──────── SUPPLIED MATERIAL ────────

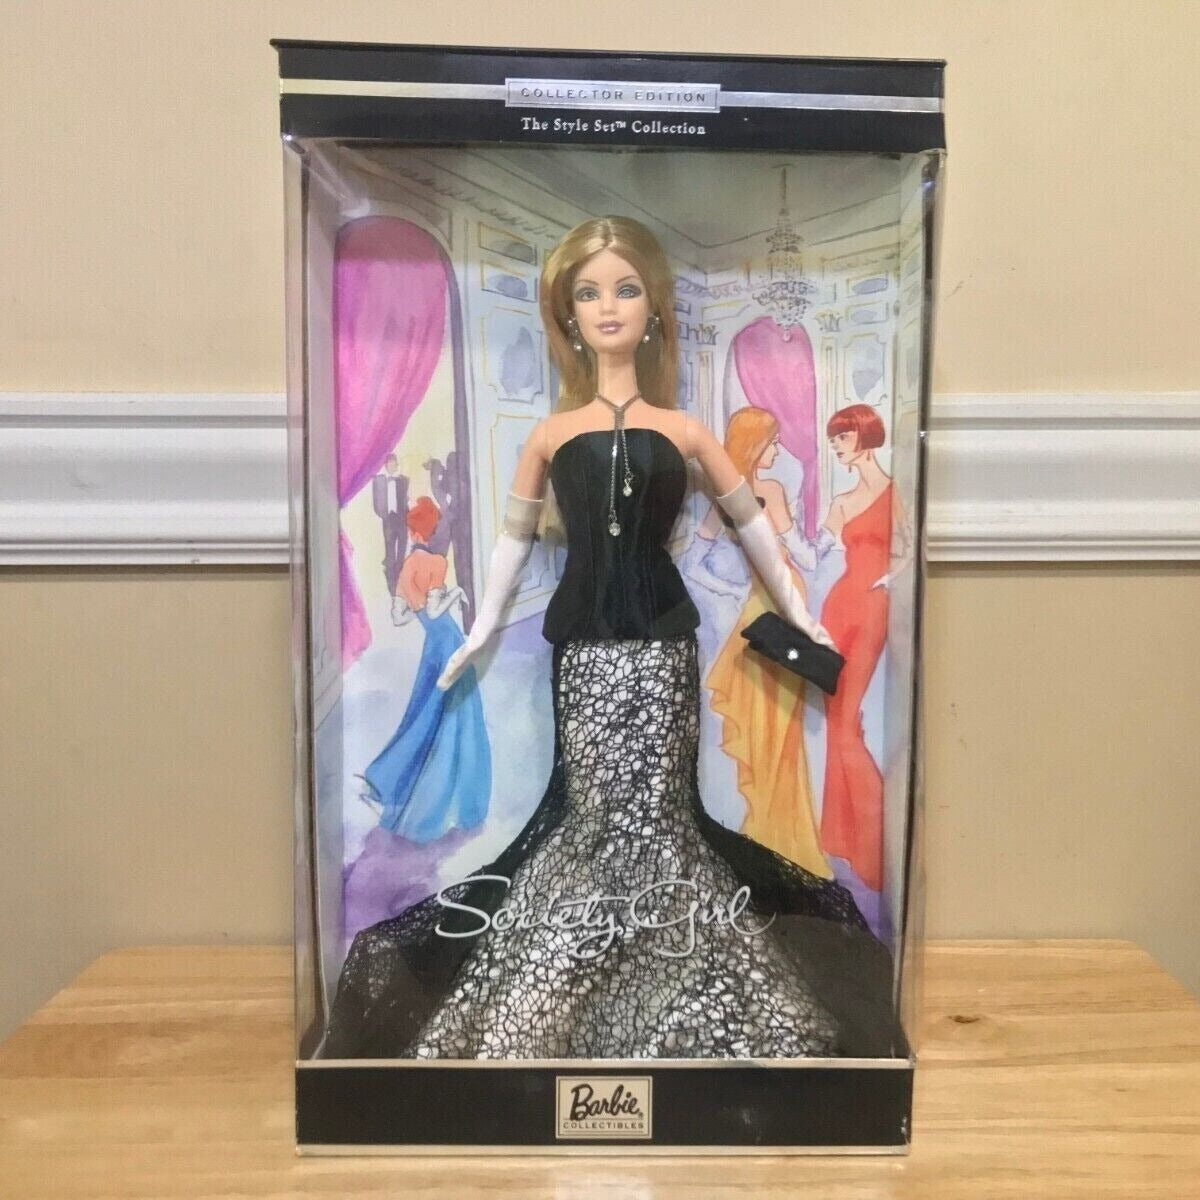 Barbie Society Girl Collector Edition 2001  Doll Gown shoes earrings purse stand
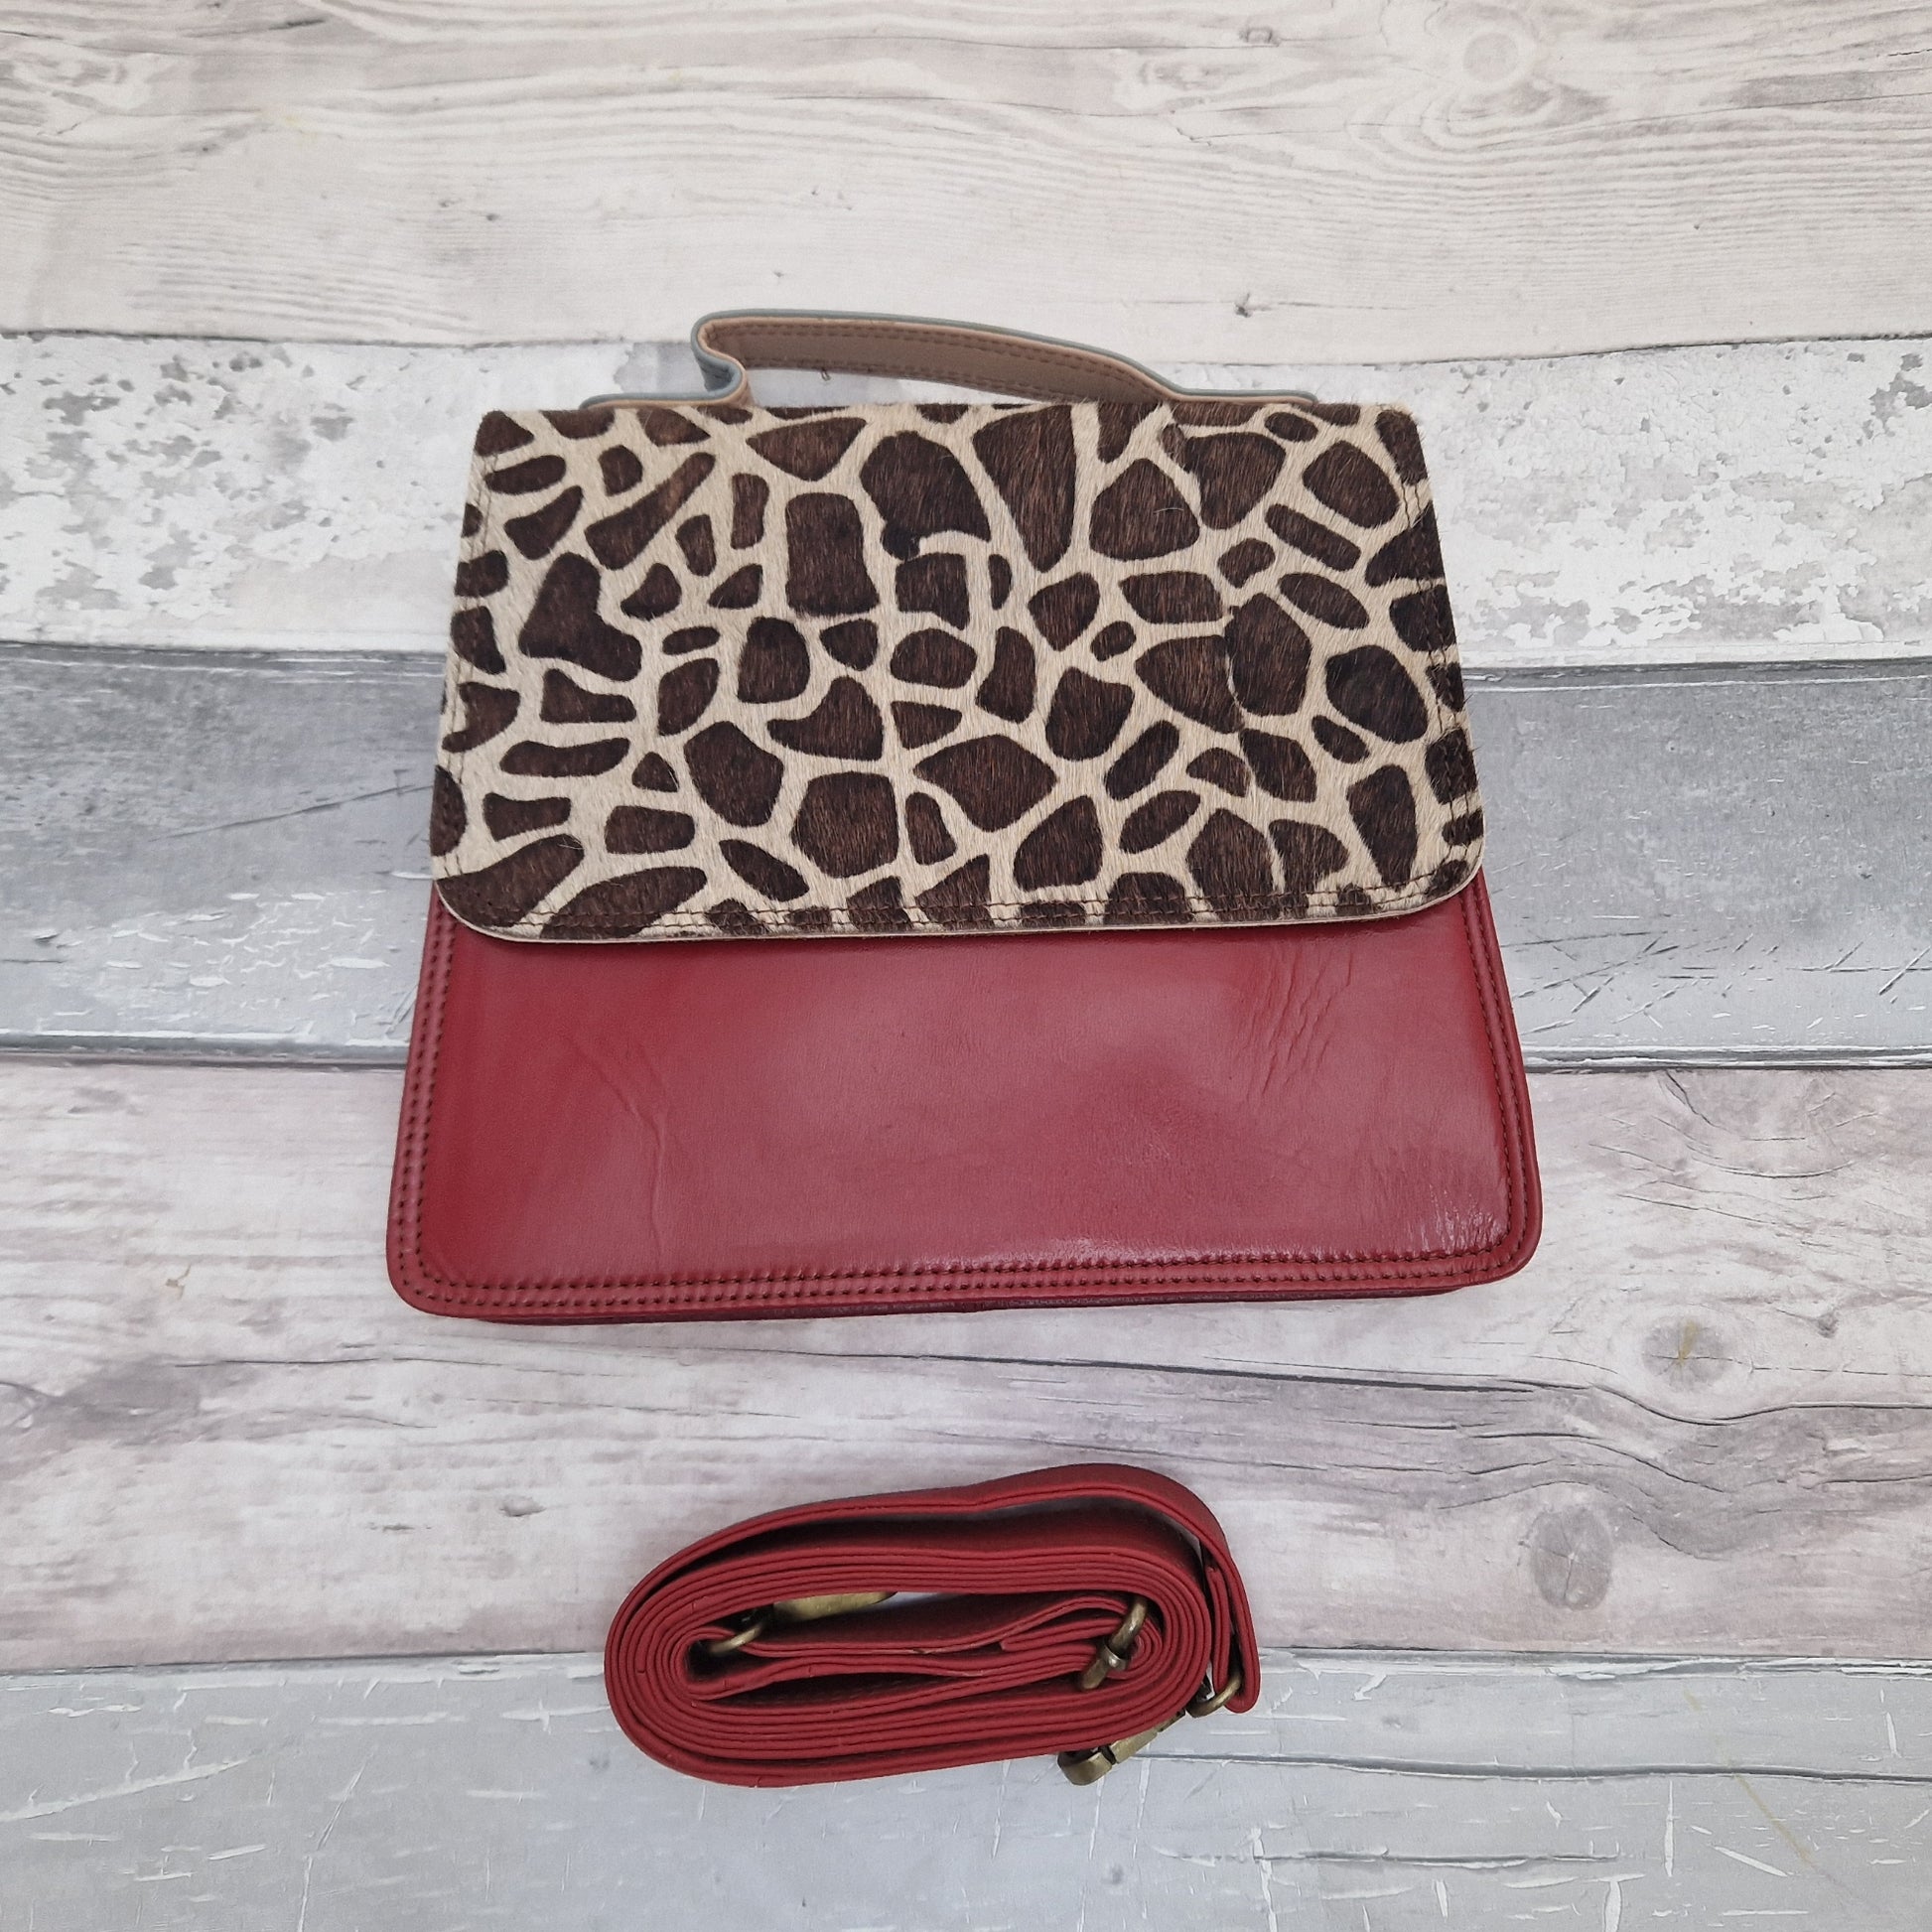 Dark Red leather bag with a textured panel in a giraffe print.
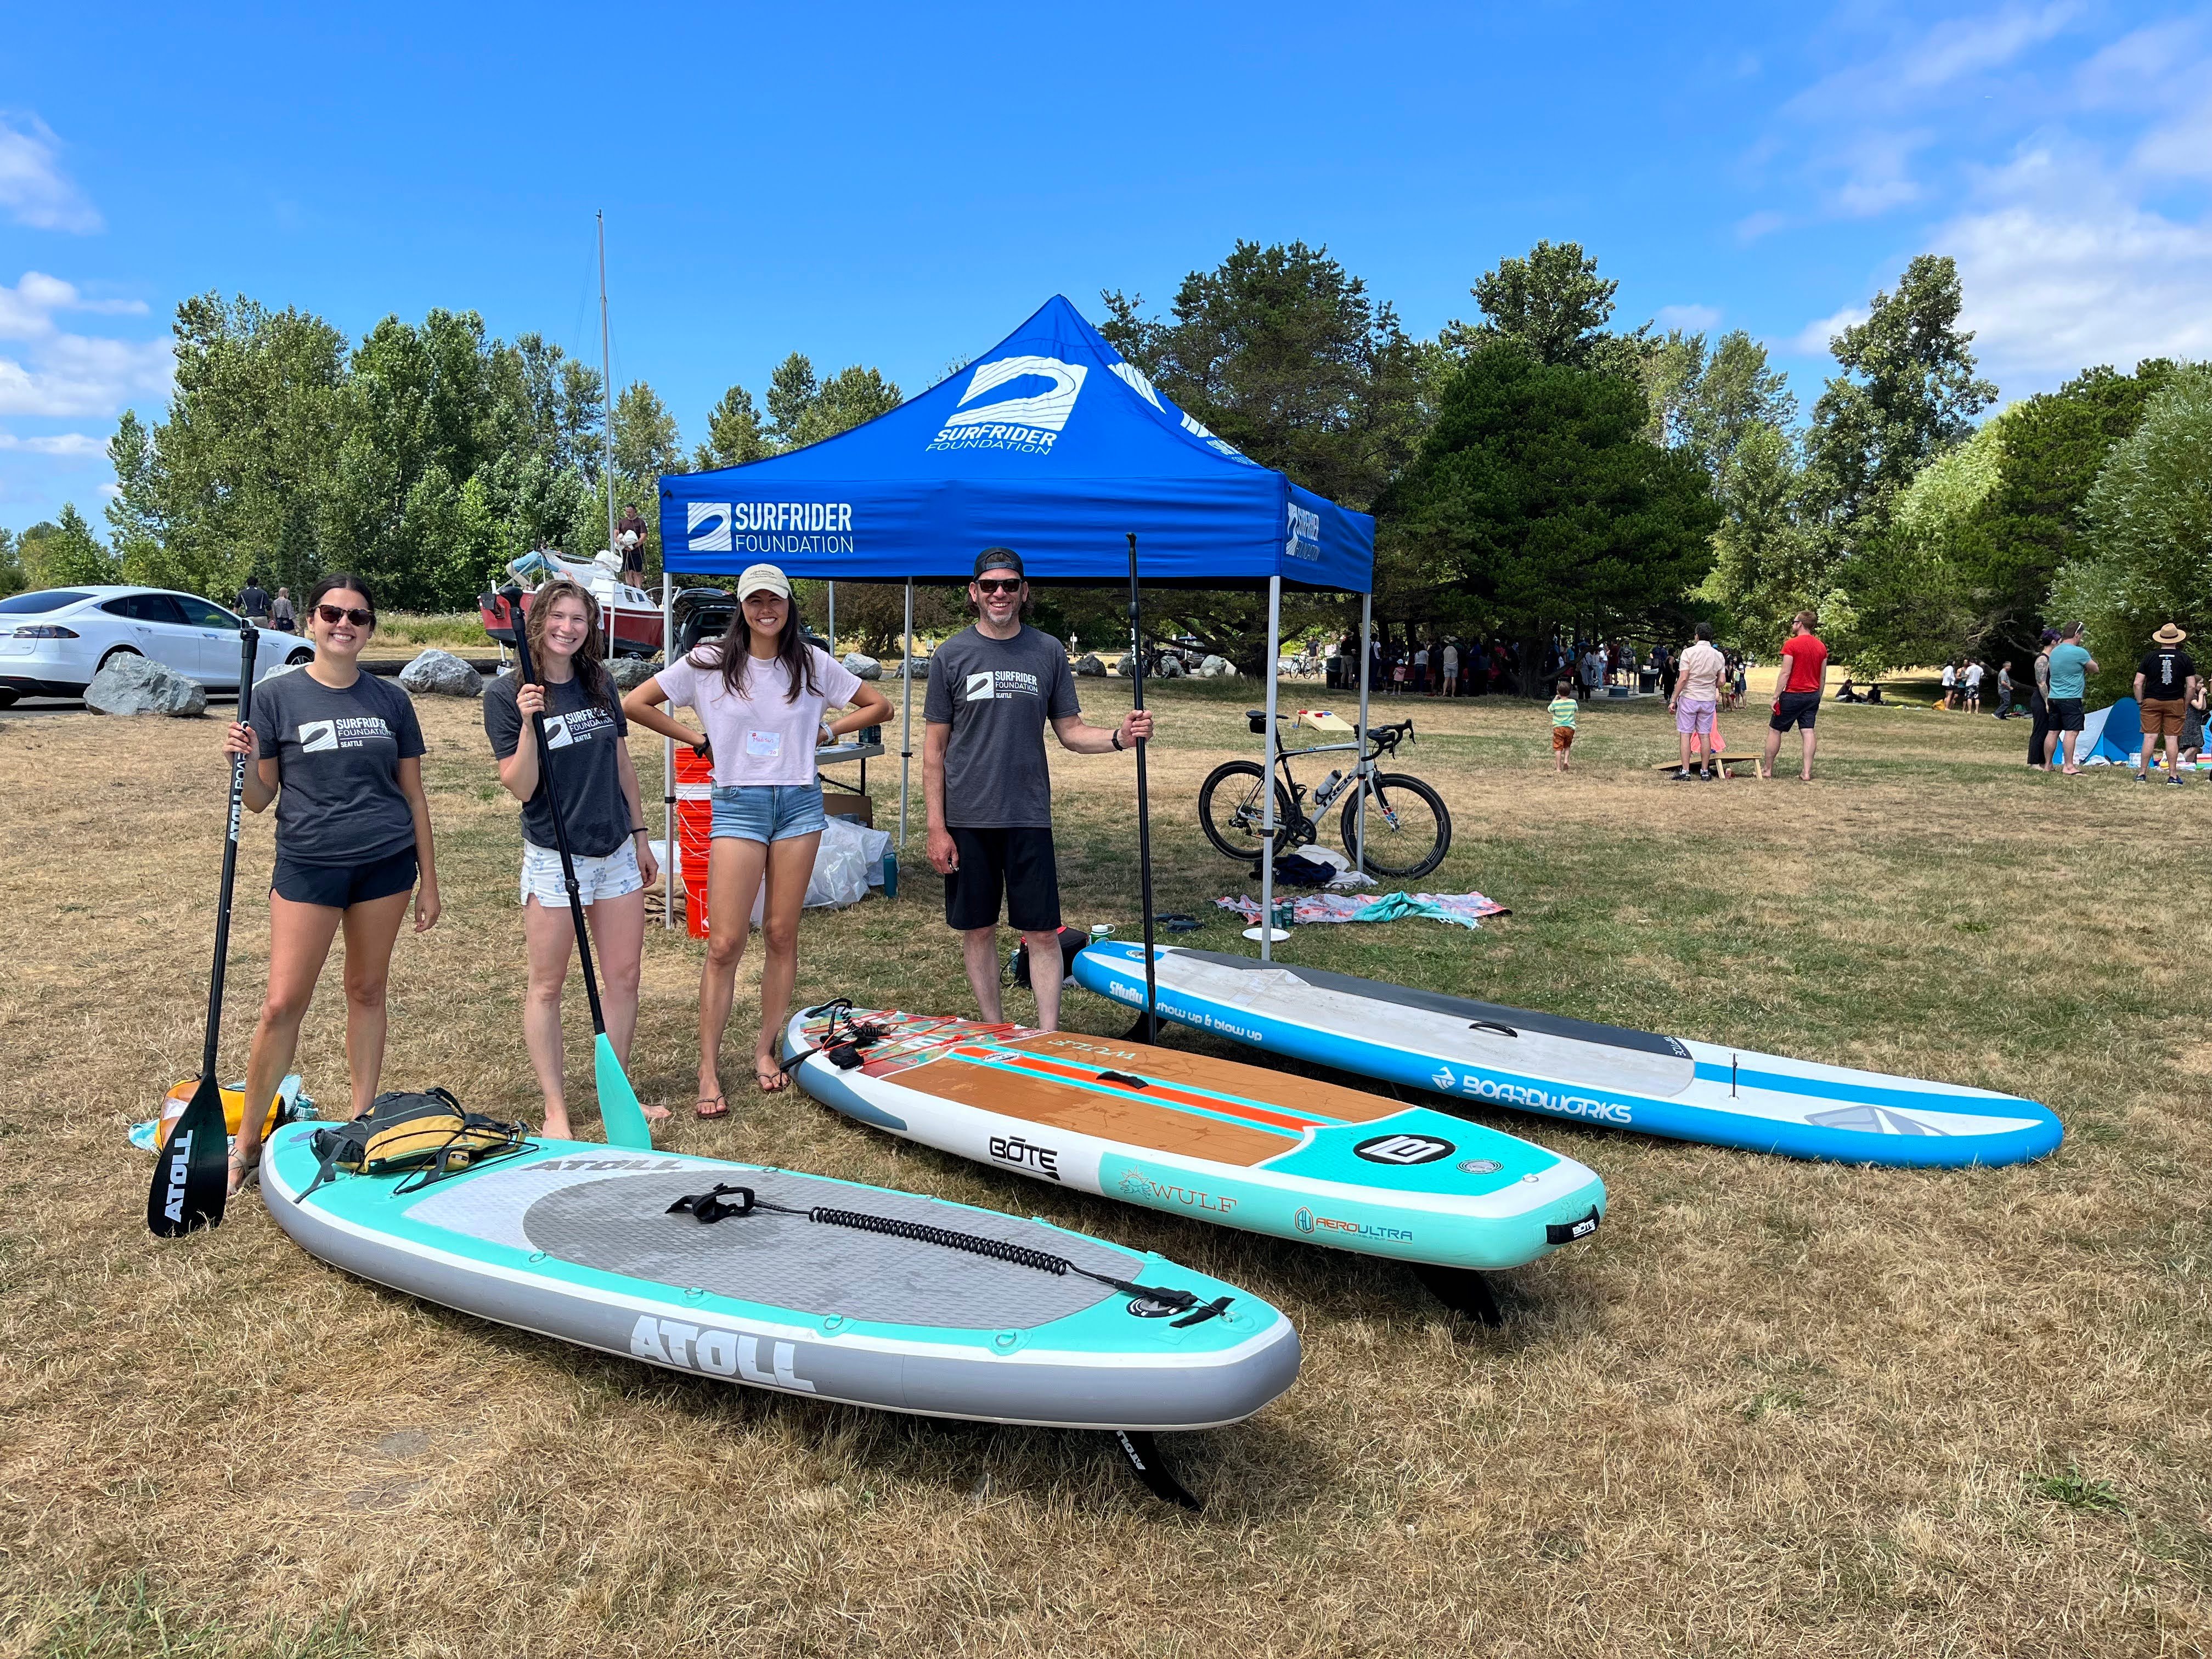 Surfrider members at a Clean and Cruise event with their paddle boards.

────────

EXERCISE AIM - Begin at the line containing "Dark Red leather" and stop at the final line of the data. Retype those lines exactly, without the pictures.

FINISHED EXERCISE -
 Dark Red leather bag with a textured panel in a giraffe print.
 Surfrider members at a Clean and Cruise event with their paddle boards.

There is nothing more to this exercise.